Tentamos não discutir temas concretos relacionados a ações militares. Mas a República Democrática Popular da Coreia é nossa vizinha. E queremos desenvolver relações com nossos amigos da Coreia em todas as áreas. Temos acordos e certas obrigações mútuas com nossos amigos. E vamos cumpri-las.
Depois do fim da União Soviética, a Rússia, inclusive sob o comando de Putin, se aproximou do Ocidente. O que deu errado? Por que a Otan não aceitou a Rússia?
O Ocidente tenta manter o mundo unipolar sob regras estabelecidas por um único país, os EUA, a favor dos seus próprios interesses. Essas regras mudam constantemente, na medida em que os interesses desse mesmo país mudam.
Nós somos a favor de um mundo multipolar em que a ordem mundial seja baseada no direito internacional. Essa é a diferença de nossas abordagens.
Todos os países falam em soberania. Mas nem todos podem ter soberania de verdade. A Rússia é um dos poucos países que pretende permanecer soberano. Não vamos suportar intervenção em nossos assuntos internos, nem tentativas de romper os nossos interesses internacionais. Nem ameaças reais, militares, em relação ao nosso país.
IMPÉRIO RUSSO
Vocês dizem que há um cerco ao seu país. Mas no Ocidente o entendimento é o de que a Rússia quer refazer o seu Império.
É [um entendimento] incorreto na essência. É claro que a Rússia é a sucessora de um país muito grande, a União Soviética, parte integrante e inalienável da nossa história.
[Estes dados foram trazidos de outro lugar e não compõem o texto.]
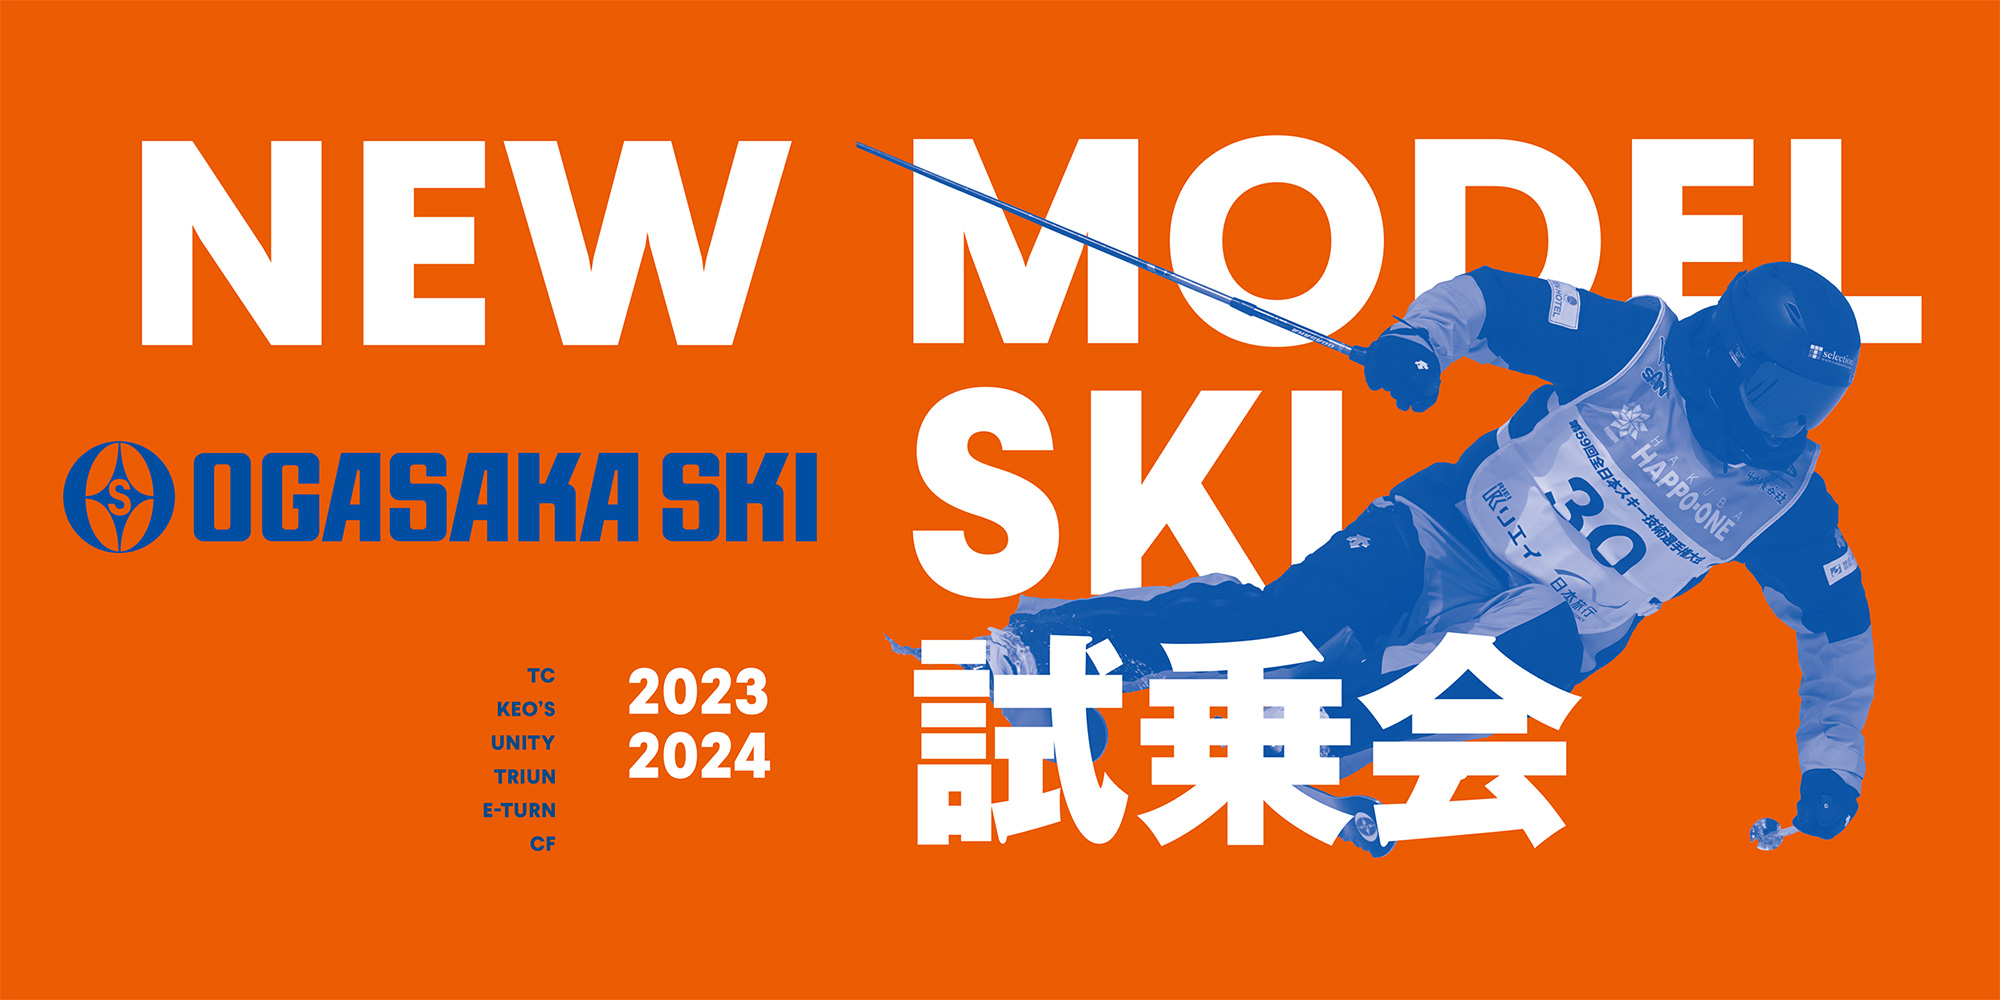 23 OGASAKA NEW MODEL SKI 試乗会 in ホワイトワールド尾瀬岩鞍 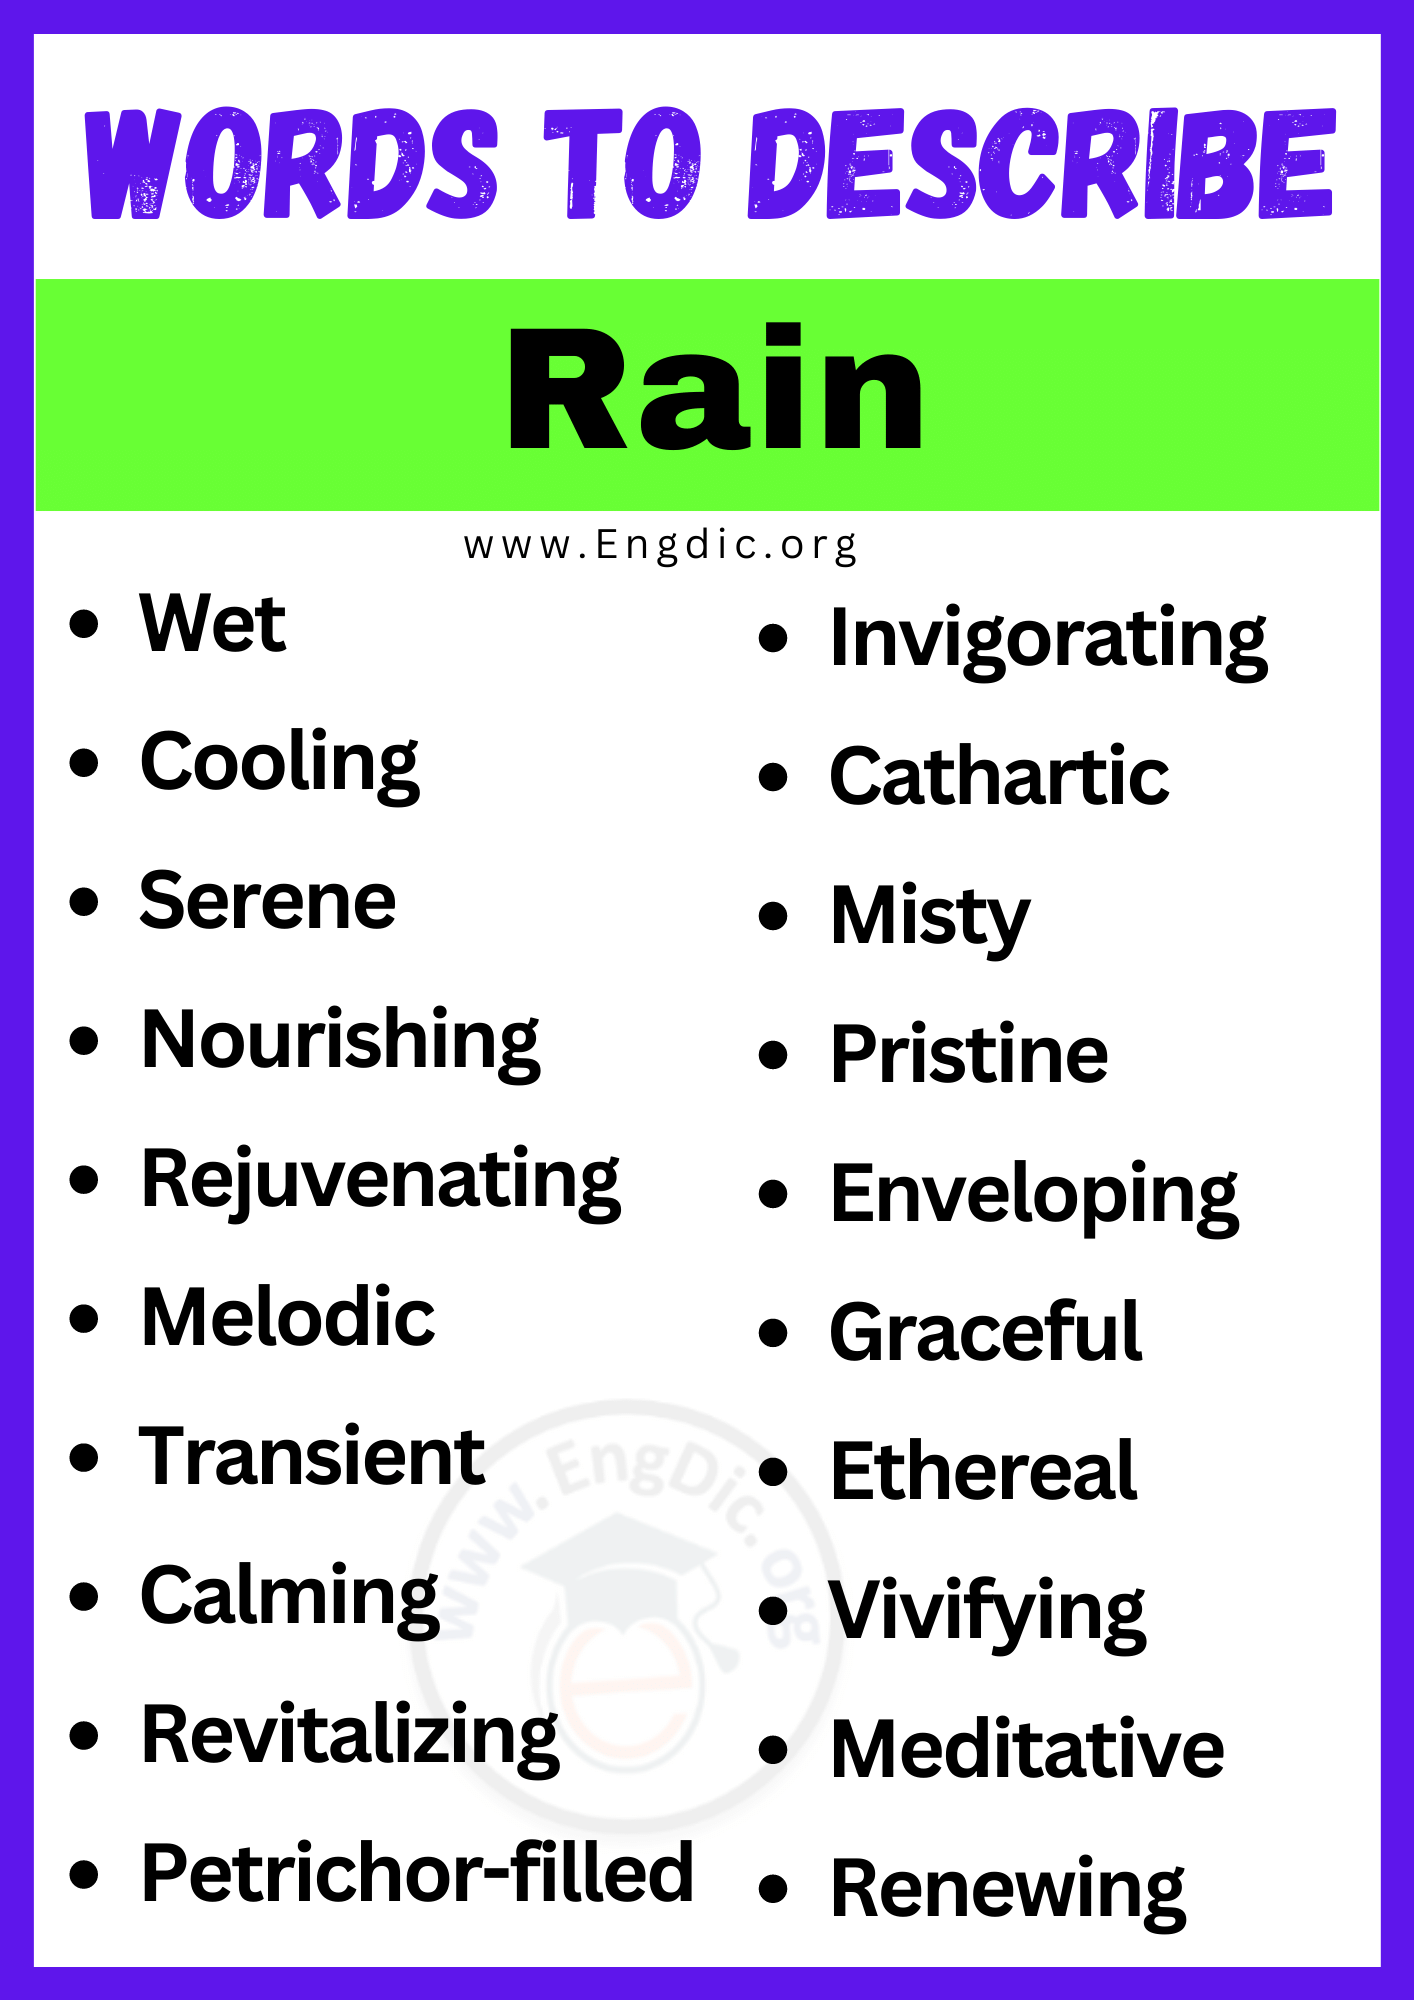 Words to Describe a Rain

Sabemos muito bem dos problemas da nossa história. E temos também orgulho de suas páginas gloriosas. Mas o tempo passa. E agora, no território da ex-União Soviética, coexistem Estados independentes que são nossos amigos, aliados, parceiros. Respeitamos suas soberanias e desenvolvemos relações em novos fundamentos e processos de integração. Nada disso está ligado a neoimperialismo. Só quem não sabe o que acontece de verdade pode falar uma coisa dessas.
O apoio ao presidente Putin é sem precedentes. É difícil imaginar o surgimento de algum outro líder, neste momento, que apresente um programa contrário ao do presidente Putin
DEMOCRACIA NA RÚSSIA
O presidente Putin foi eleito pela primeira vez em 1999, mas, com alterações na Constituição da Rússia, poderá ficar no poder até 2036. Por isso ele é chamado de “czar”, e há o entendimento de que o país é uma autocracia, onde as pessoas não podem se manifestar livremente e opositores são processados e presos.
Essa era uma acusação mais comum ao nosso presidente na década passada. Fomos criticados porque, por exemplo, fechamos algumas organizações públicas. Mas depois foi reconhecido que os países ocidentais forneciam dinheiro a elas, e a políticos, para que influenciassem em nossa política interna.
Nós temos um sistema político complexo, multipartidário, e muitas vezes ocorrem discussões bastante tensas sobre o desenvolvimento do país.
Mas o apoio ao presidente Putin é sem precedentes. É difícil imaginar o surgimento de algum outro líder, neste momento, que apresente um programa contrário ao do presidente Putin. O povo se uniu em torno de seu presidente e, quando chega a hora [das eleições], vota nele.
Os mecanismos democráticos funcionam plenamente. A ausência de concorrência política real está mais relacionada ao período importante pelo qual passamos agora.
E não ao fato de que há um bloqueio e opositores presos?
Quem viola a lei vai preso.
Mas é bom a mesma pessoa ocupar o poder por tanto tempo?
É bom quando o povo tem um presidente em quem ele votou. Isso é que é bom. Não importa quantas vezes as pessoas votam por ele. Ainda mais quando esse presidente cumpre suas obrigações da melhor forma possível, fazendo com que a cada ano de seu governo elas vivam melhor.
Se olharmos para o caminho de nosso país nos últimos 25 anos —e nem sempre Putin esteve no poder [referindo-se ao período entre 2008 e 2012, em que o presidente foi Dmitri Medvedev e ele, primeiro-ministro]— veremos que foi realmente um caminho gigantesco. A Rússia é hoje um país completamente diferente [de quando Putin assumiu o poder pela primeira vez]. É um país maravilhoso.